The evolving field of Hybrid Imaging in Cardiology

Take Home Messages
  • Hybrid imaging is a rapidly developing tool for the noninvasive assessment of coronary artery disease and coronary anomalies.
  • This editorial outlines the new fusion imaging modalities available and the expanding range of clinical applications.
  • Widespread uptake of this technology will depend on:
    • Improving accessibility outside of research and academic centres.
    • A larger body of research that can demonstrate clinical efficacy above and beyond current practice.
  • Current limitations include high costs, limited familiarity with interpretation and high radiation doses for CTCA-FFR/MPI.
Introduction

The role of non-invasive testing within Cardiology continues to move apace. A rapid evolution in the technology available means we now have a greater number of tools to evaluate the heart. Advancements in hardware and software have improved the safety profile and the diagnostic accuracy of imaging modalities.(1) Nowhere has this impact been felt more than in the assessment of patients with coronary artery disease.

Clinicians have long used multiple imaging methods to aggregate information on many aspects of cardiac disease. This would be followed by a mental fusion of the two results to better impact clinical outcomes. In the past few years, the advent of hybrid scanners has facilitated the composition of differing imaging modalities.(2) The result is an exciting and rapidly developing field of hybrid imaging.

This article sets out to highlight the various hybrid imaging modalities available to us currently, the clinical applications for which they are employed, and finally the future prospects for this technology.

What is Hybrid Imaging?

Hybrid imaging is the fusion of two or more cardiac imaging techniques.
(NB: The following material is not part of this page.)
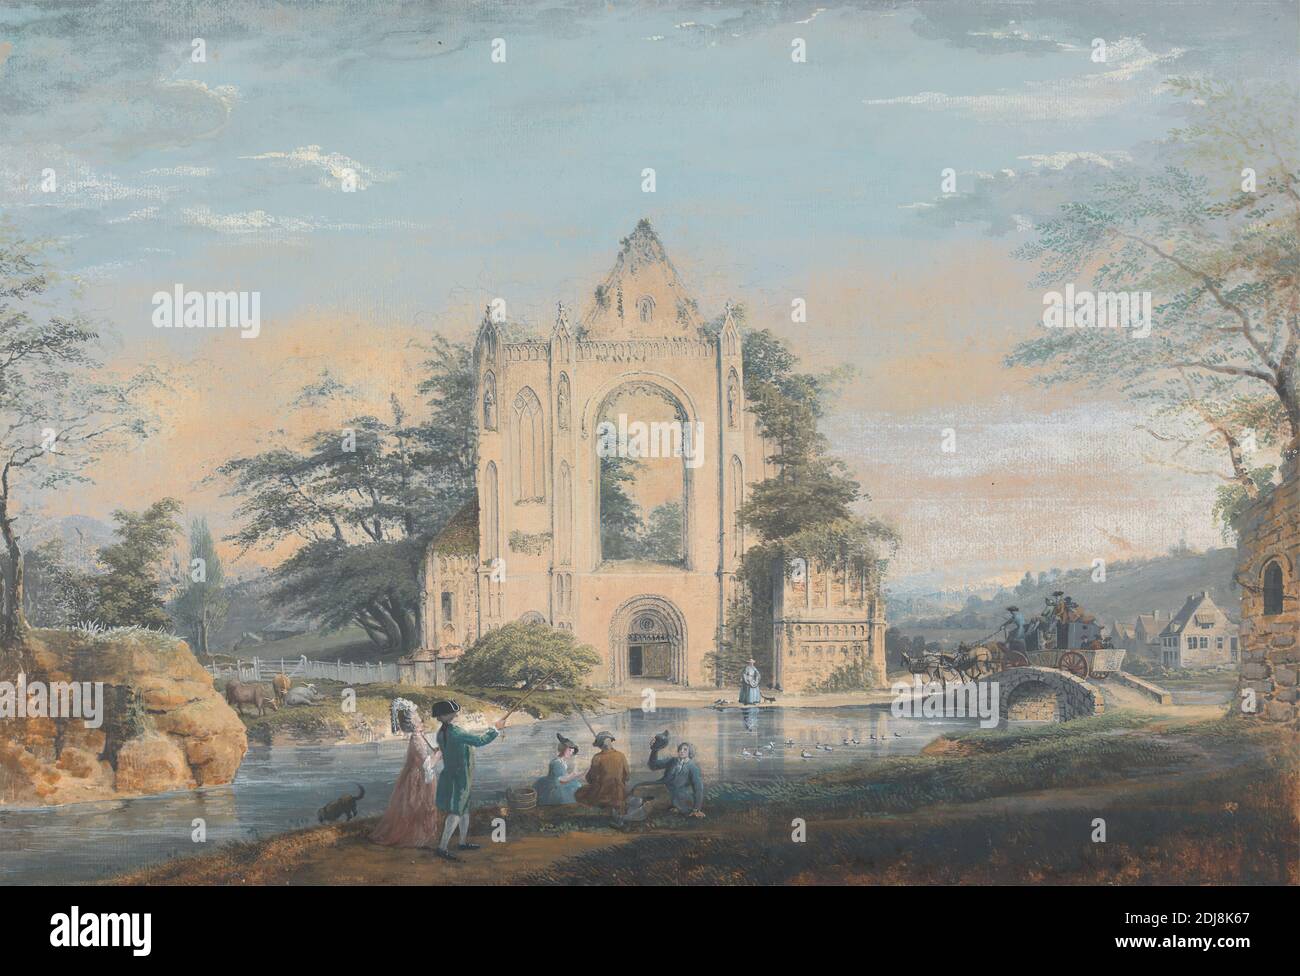 Landschaft mit einer ruinierten normannischen Kirche, zugeschrieben Samuel Hieronymus Grimm, (früher S. H. Grimm), 1733–1794, schweizerisch, undatiert, Aquarell mit Gouache über Graphit auf mittlerem, glattem, beigefarbenem Papier, Blatt: 13 1/8 x 19 1/8 cm (48.6 x 33.3 Zoll) und zeitgemäß gezeichneter Rand: 14 3/4 x 20 1/4 Zoll (37.5 x 51.4 cm), Gebäude, Kutschen, Vieh, Kirche, Hund (Tier), Enten, Zäune, Angeln, Pferde (Tiere), Landschaft, Männer, Norman, Ruinen, Bäume, Frauen Stockfoto

With respect to coronary artery disease, this allows simultaneous assessment of the presence and physiological significance of coronary artery stenosis as well as the end-arterial effect on myocardial perfusion and contractility.(3) This can also involve a single imaging method that combines structural and physiological parameters. An example is Computed Tomography Coronary Angiography with Fractional Flow Reserve (CTCAFFR) and Computed Tomography (CT) perfusion imaging.

Hybrid scanners are able to combine CT with magnetic resonance imaging (MRI), single-photon emission computed tomography (SPECT) and positron emission tomography (PET) hardware.(4) The development of solid-state semiconductor detectors allows shorter acquisition times, improving patient tolerance and reducing the total radiation dose.(3) Patients will undergo one scan followed by an amalgamation of data, or sequential imaging with two different techniques.

Dedicated software enables 3D reconstruction and superimposition of perfusion data from SPECT imaging and coronary anatomy from CT. Newer reconstruction algorithms enhance SPECT/CT image quality and improve overall sensitivity.(5) The ability to spatially superimpose images from differing scans while accounting for motion artefact, respiratory intrusion and fine morphological differences during gating is a remarkable yet crucial feature.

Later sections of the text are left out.